[[ AVAILABLE RECORDS, beginning ]]

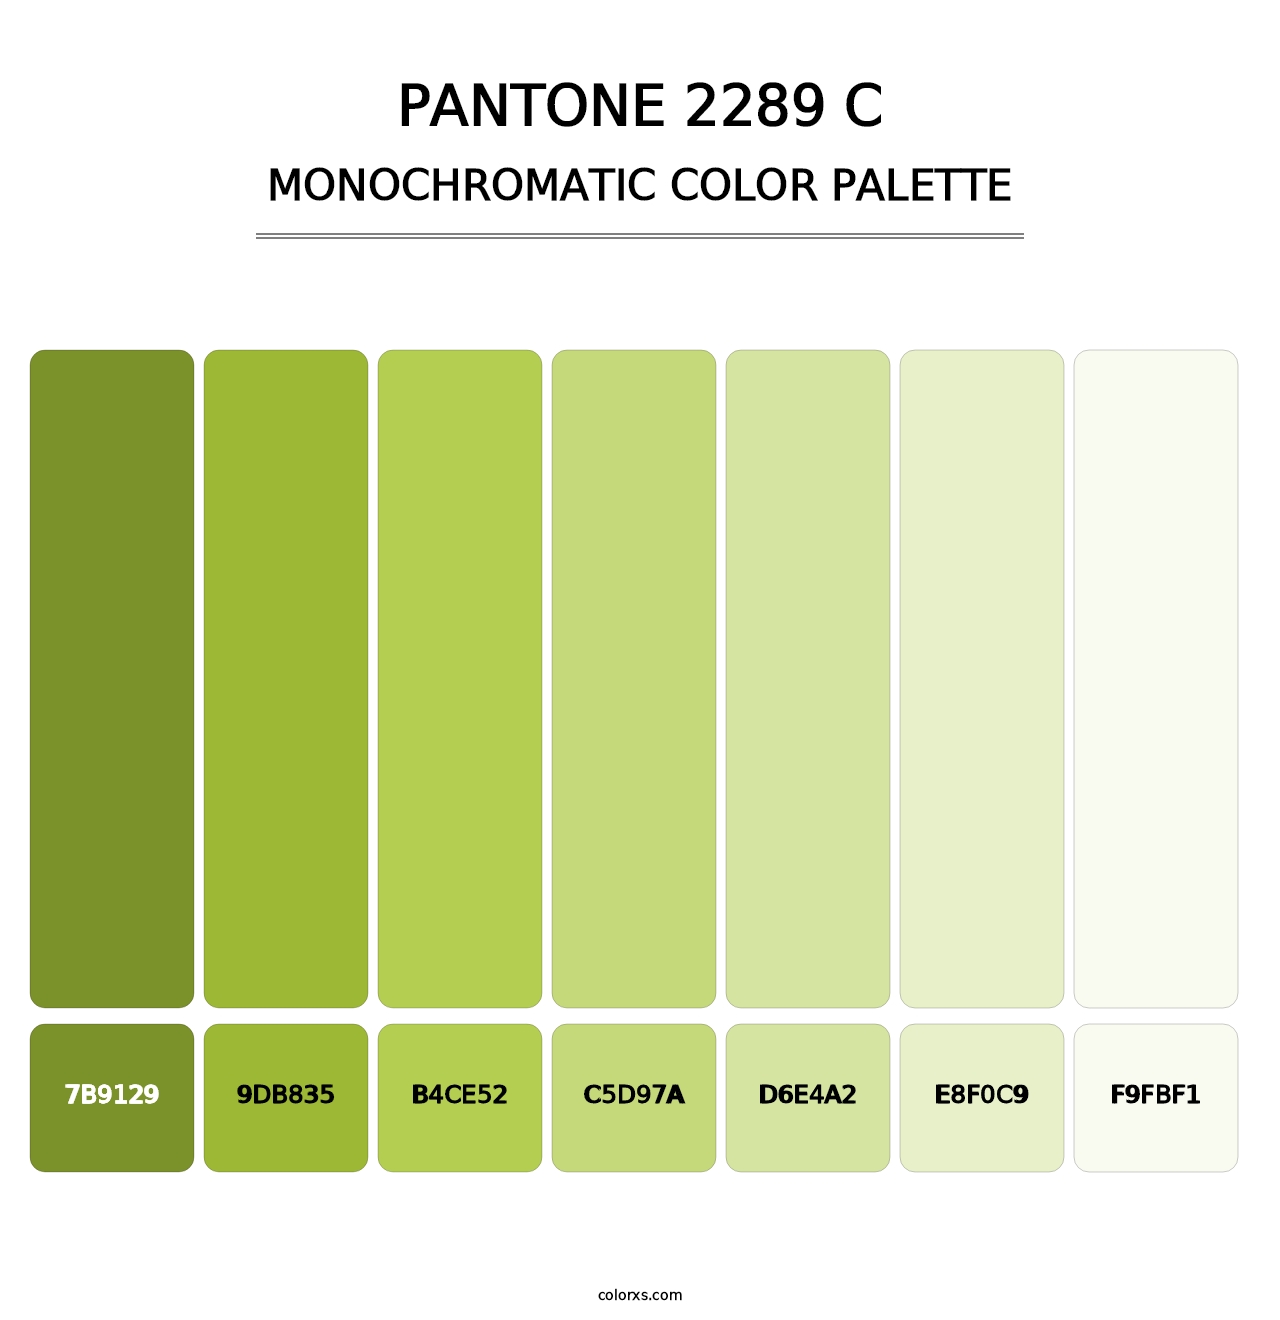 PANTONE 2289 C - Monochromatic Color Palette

[[ AVAILABLE RECORDS, end ]]
[[ AVAILABLE RECORDS, beginning ]]

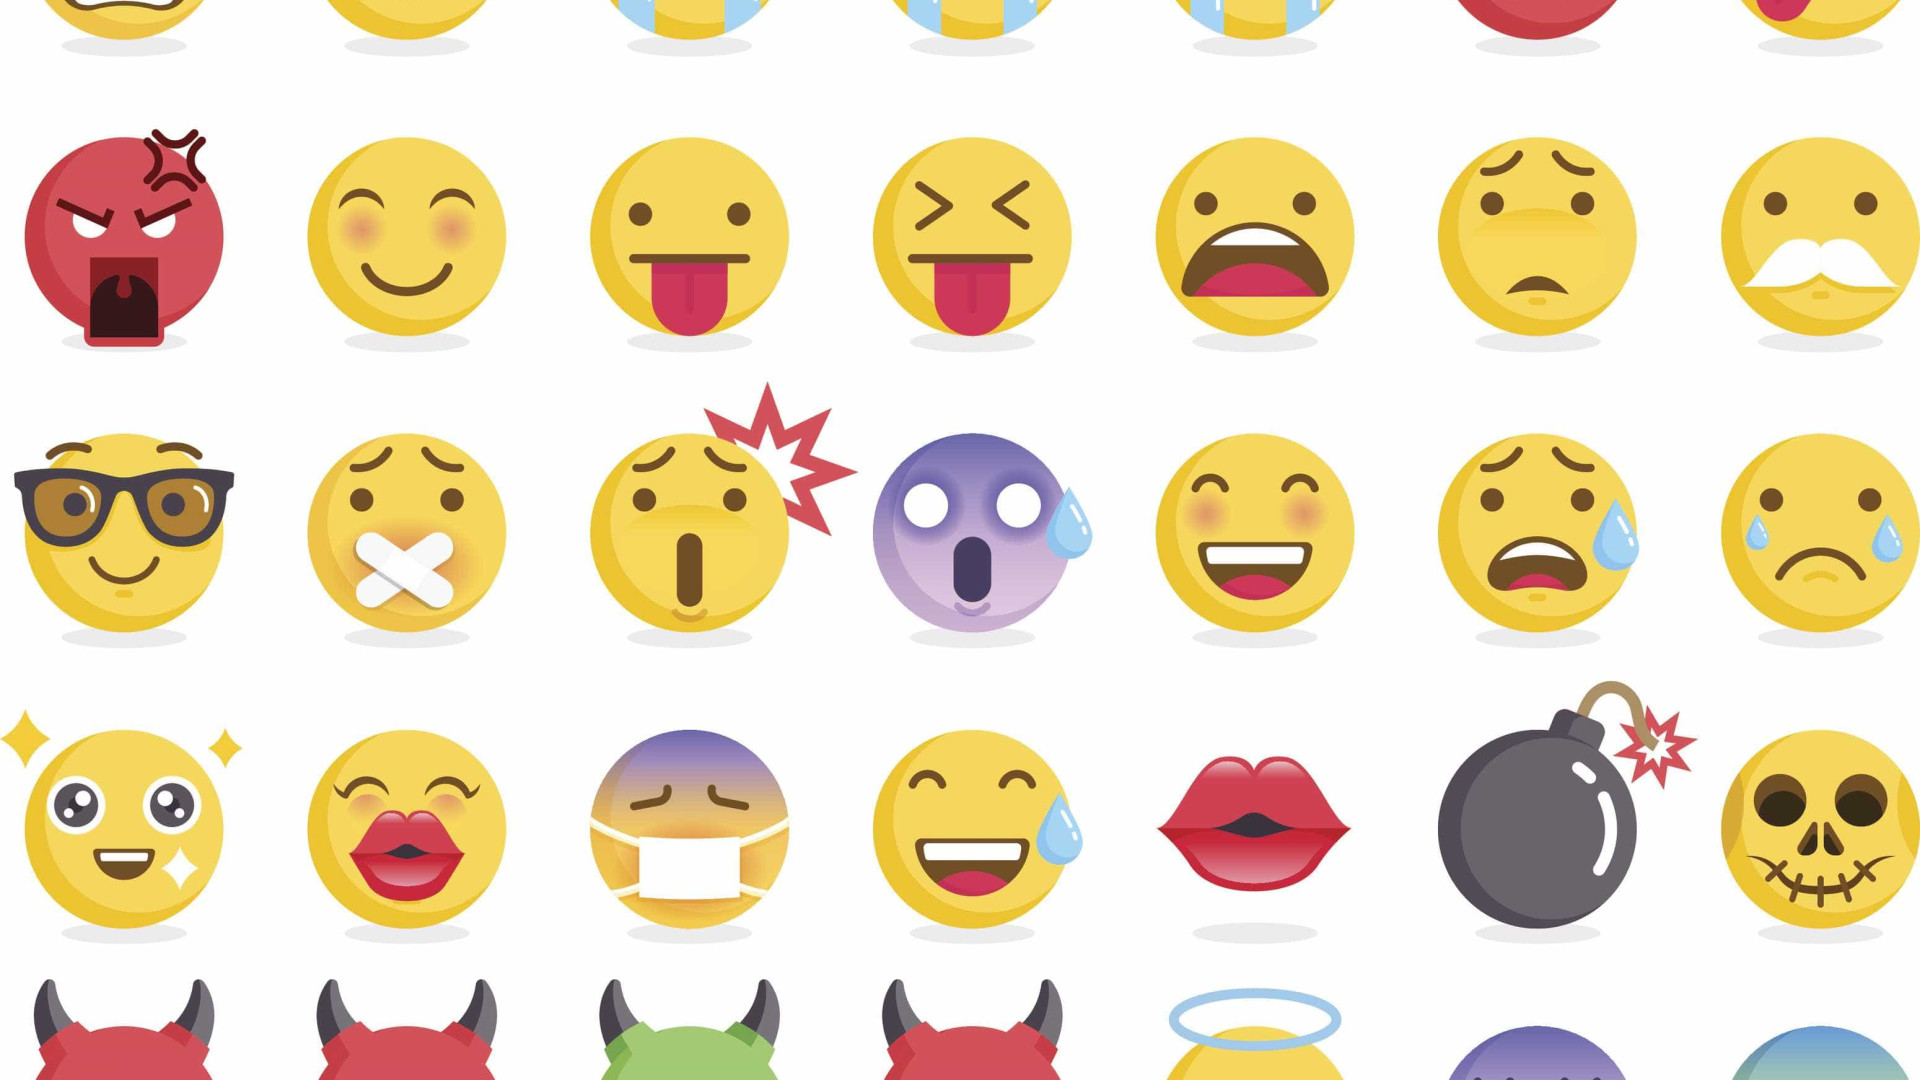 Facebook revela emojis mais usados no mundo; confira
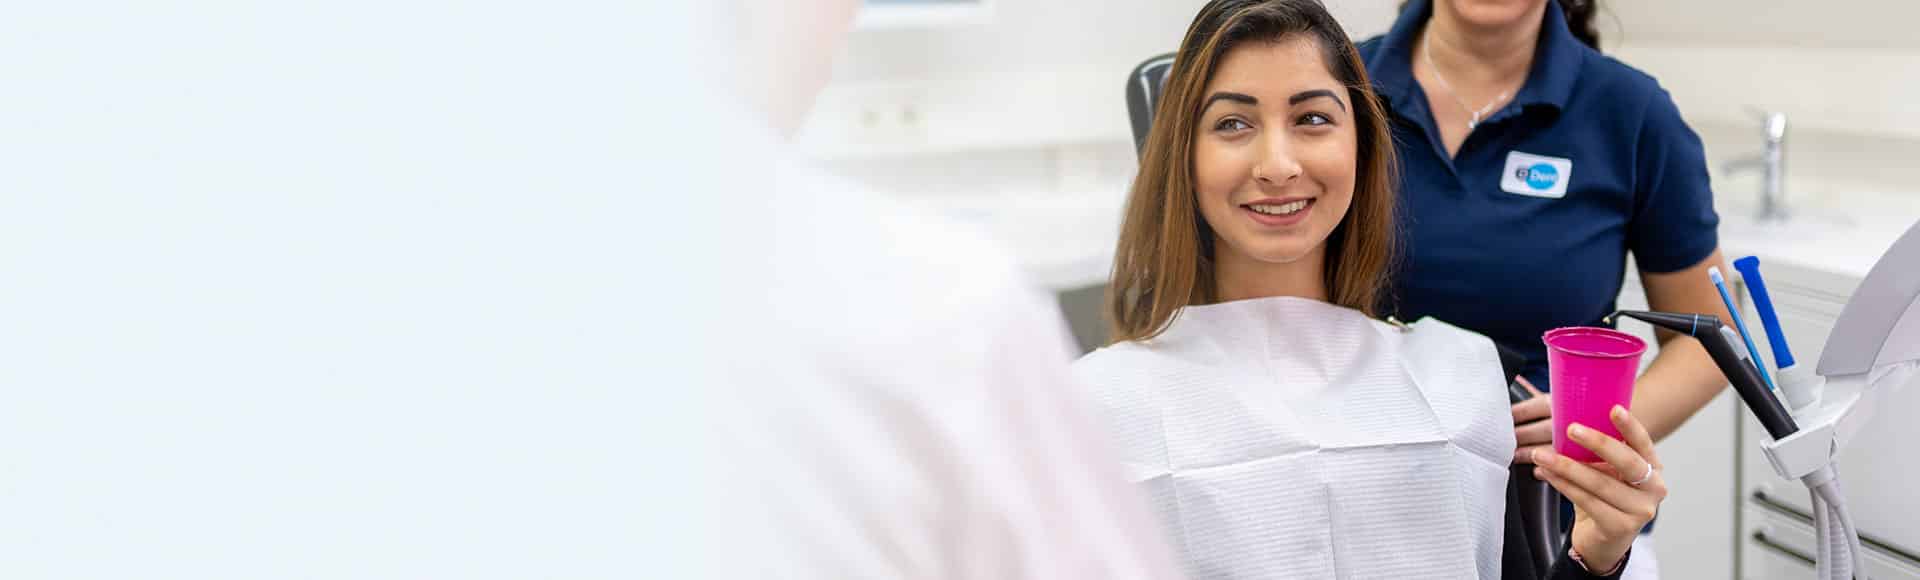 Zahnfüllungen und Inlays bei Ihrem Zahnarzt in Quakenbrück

[[ AVAILABLE RECORDS, end ]]

WHAT IS EXPECTED: Reproduce the listing above from the line that holds "Facebook revela emojis" through the line that holds "Zahnfüllungen und Inlays", both included, with the pictures left out.

RESULT OF THIS EXERCISE:
 Facebook revela emojis mais usados no mundo; confira
 Zahnfüllungen und Inlays bei Ihrem Zahnarzt in Quakenbrück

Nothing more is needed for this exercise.